Everything in the entries except the pictures should be copied exactly.

------ Task input

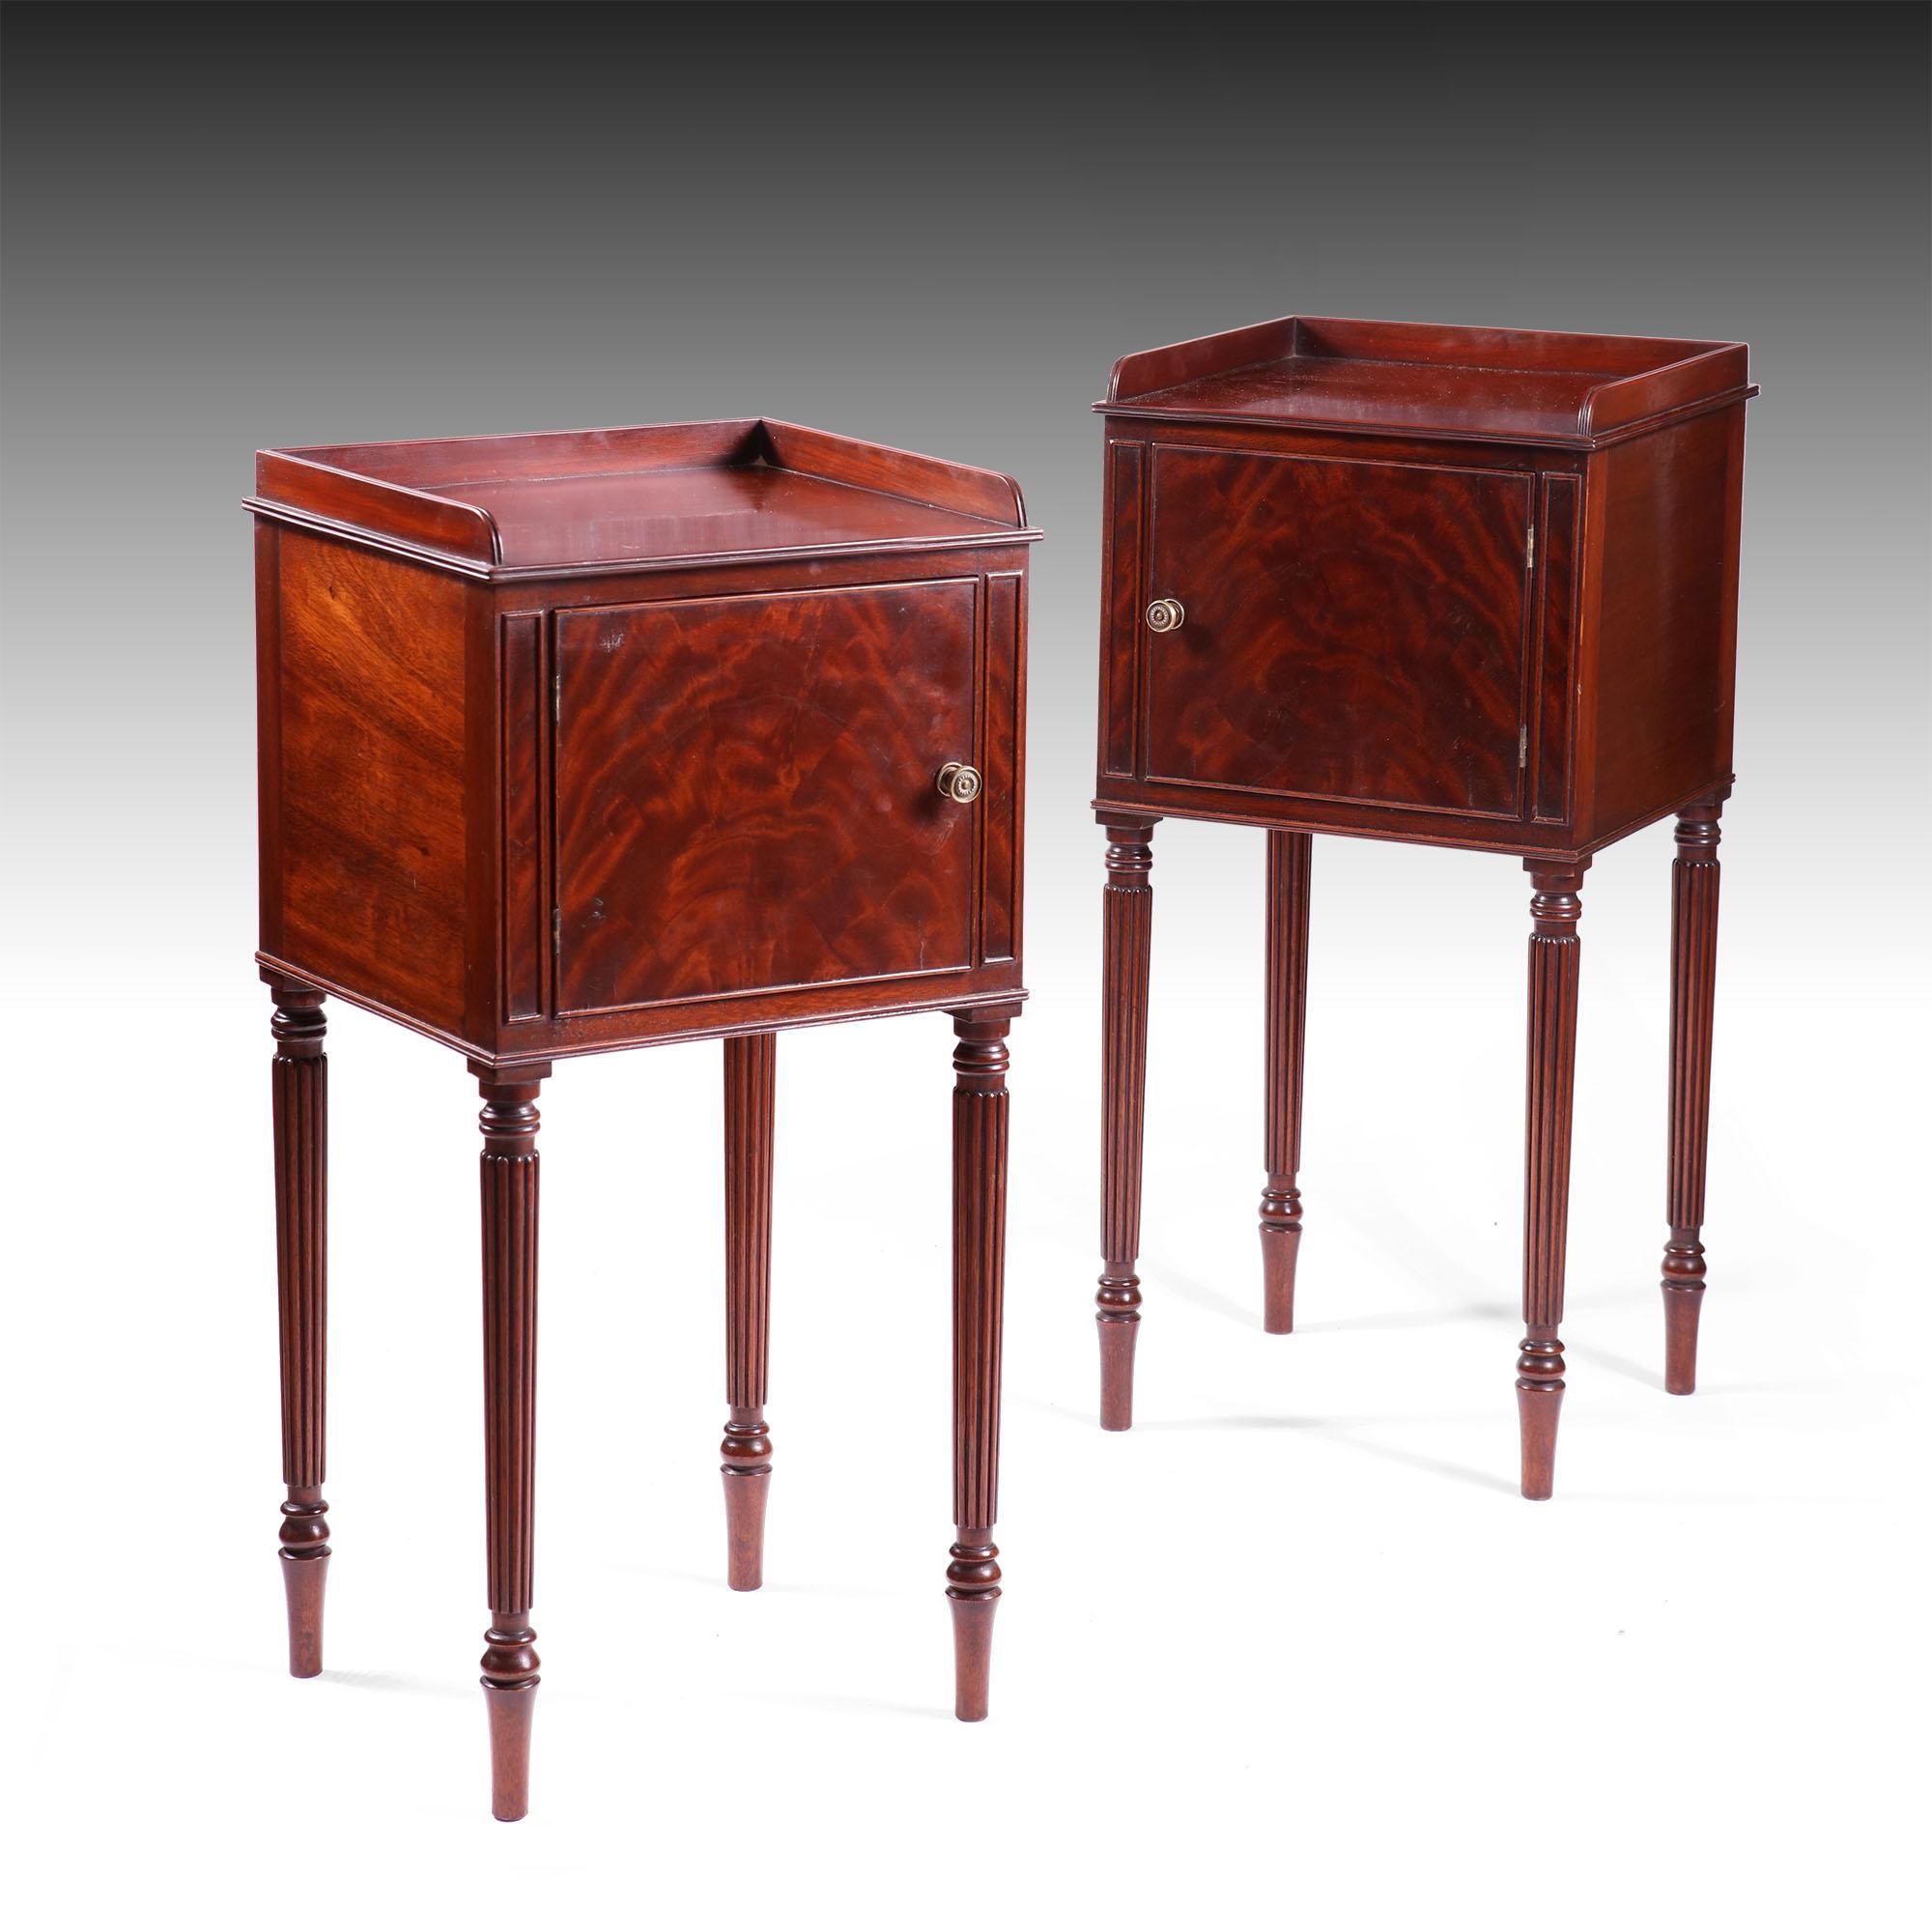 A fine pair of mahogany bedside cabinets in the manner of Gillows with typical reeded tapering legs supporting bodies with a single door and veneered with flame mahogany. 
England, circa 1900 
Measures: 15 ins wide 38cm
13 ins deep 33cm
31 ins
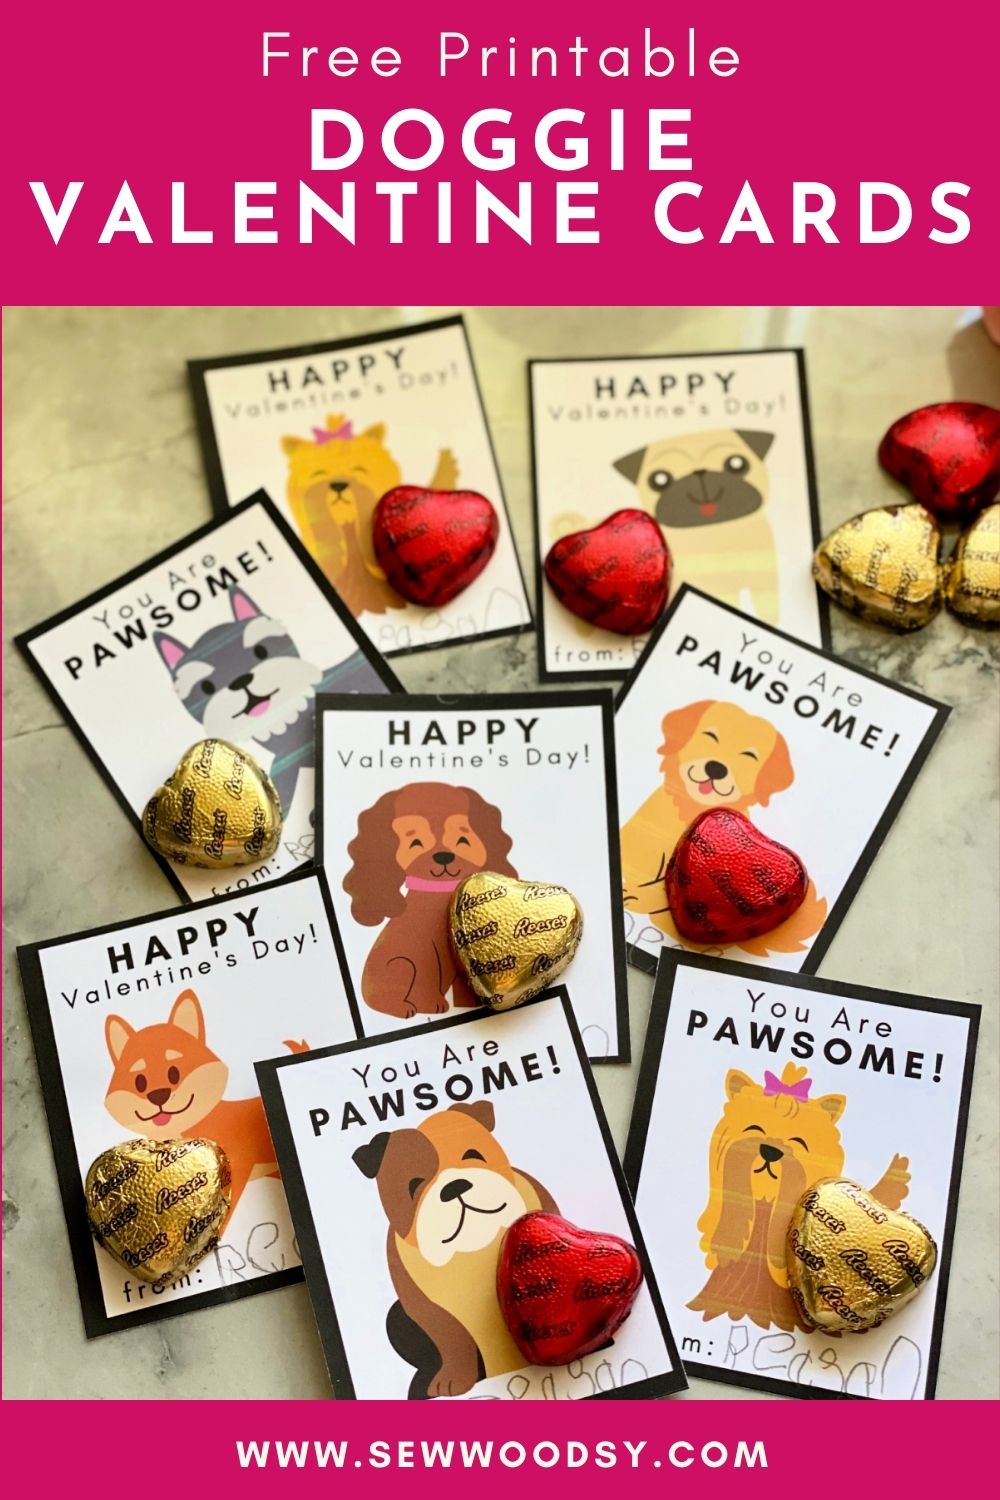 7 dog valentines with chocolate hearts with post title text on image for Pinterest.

------------

**Output for this task:**
 A fine pair of mahogany bedside cabinets in the manner of Gillows with typical reeded tapering legs supporting bodies with a single door and veneered with flame mahogany. 
England, circa 1900 
Measures: 15 ins wide 38cm
13 ins deep 33cm
31 ins
 7 dog valentines with chocolate hearts with post title text on image for Pinterest.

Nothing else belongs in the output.